Country-wise model fit, and the relative contribution of model components based on the final multivariate time-series models for the HPAI1621 data. Dots show the actual counts of reported highly pathogenic avian influenza (H5 subtype) detections in domestic and wild birds. Only countries with > 200 detections are depicted. The last panel shows the overall model fit aggregated over all the 37 countries. Note that the scales on the Y-axes are different for some of the graphs, and zero/missing detections have been omitted. Although actual counts from week 47–52 in 2021 are depicted, they were not part of the training set in the model, and thus are not part of the model fit.

Figure 4
figure 4

Country-wise model fit, and the relative contribution of model components based on the final multivariate time-series models for the HPAI2122 data. Dots show the actual counts of reported highly pathogenic avian influenza (H5 subtype) detections in domestic and wild birds. Only countries with > 200 detections are depicted. The last panel shows the overall model fit aggregated over all the 37 countries. Note that the scales on the Y-axes are different for some of the graphs, and zero/missing detections have been omitted. Although actual counts from week 44–49 in 2022 are depicted, they were not part of the training set in the model, and thus are not part of the model fit.

The point estimates of the final HPAI1621 model show that length of coastline has a positive association with detections in the endemic component, whereas area of wetlands has a negative association (Table 2). However, the confidence intervals for these coefficients overlap zero (Table 2).
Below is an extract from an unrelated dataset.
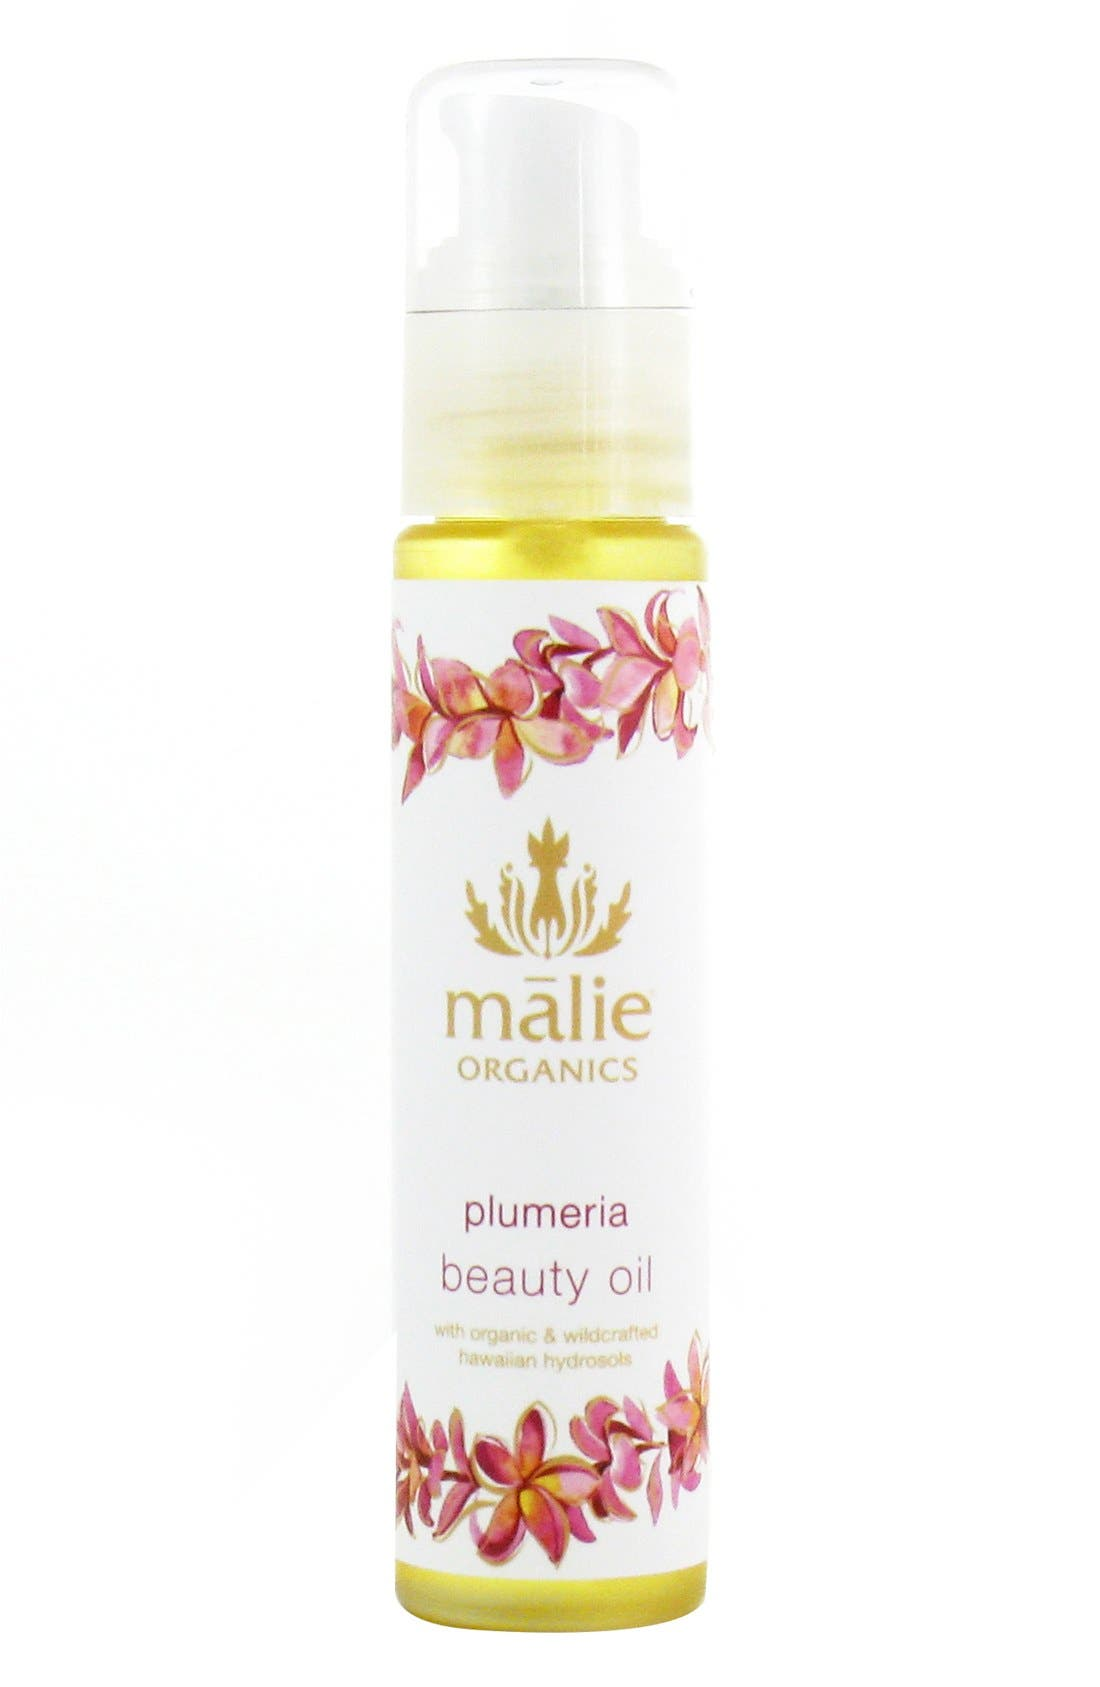 Malie Organics Plumeria Beauty Oil

Our final model for HPAI1621 suggests that most of the HPAI detections reported in Europe are epidemic (occasional localized outbreaks) in nature (94.6%), with 78.8% within-country and 15.8% between-country transmission; 5.4% of the reported detections were endemic (baseline rate comprising unreported outbreaks within a country and outbreaks originating from transmission from countries not included in our study) in nature. Compared to the HPAI1621 model, the model for HPAI2122 suggested that more HPAI detections were endemic in nature (12.2%), with 87.8% being epidemic in nature (73.3% within-country and 14.5% between-country transmission). The prediction plots show that there is a slight tendency for our final models to underestimate the number of detections in periods with many detections (Figs. 3 and 4).

Table 2 Coefficient estimates from the final multivariate time-series models for HPAI1621 and HPAI2122.
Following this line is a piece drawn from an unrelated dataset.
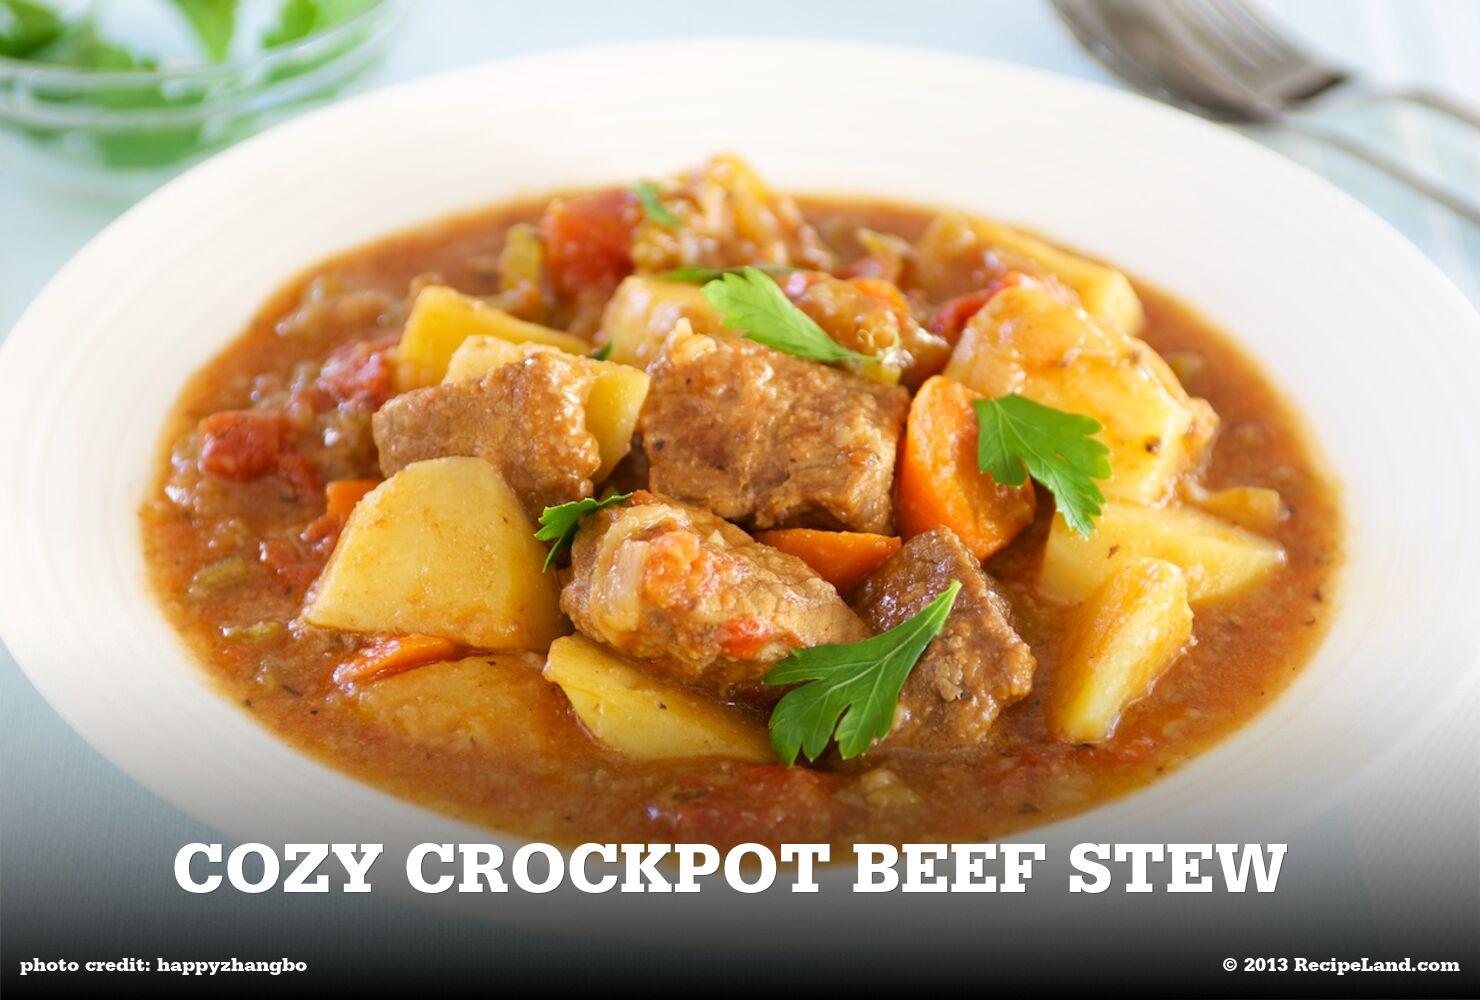 Cozy Crockpot Beef Stew

In the HPAI1621 model, the exponentially transformed deviations of the random intercepts, indicating the model fit for each country, show that for the epidemic within-country random intercepts, particularly France, Switzerland, Hungary, and Germany (Supplementary Fig. S4A, pink colour) had more detections from within-country transmission than explained by the model. For the HPAI2122 model, countries with the largest random epidemic, within-country intercepts were France and Slovenia, followed by the UK, Italy, Hungary, and Spain (Supplementary Fig. S4B). Maps of the random intercepts for epidemic between-country transmission show that for the HPAI1621 model, countries such as the UK, Estonia, Sweden, and Bulgaria followed by Hungary received more cases from other countries than the model could explain (Supplementary Fig. S4A), whereas for the HPAI2122 model the highest random intercepts were found for the Netherlands, Hungary, France, and Poland (Supplementary Fig. S4B). As for the map of the endemic random intercepts, reflecting endemic circulation and transmission by migratory birds from countries not included in this study, countries in cyan in Supplementary Fig. S4A and B exhibit a relatively lower endemic incidence than the model predicted.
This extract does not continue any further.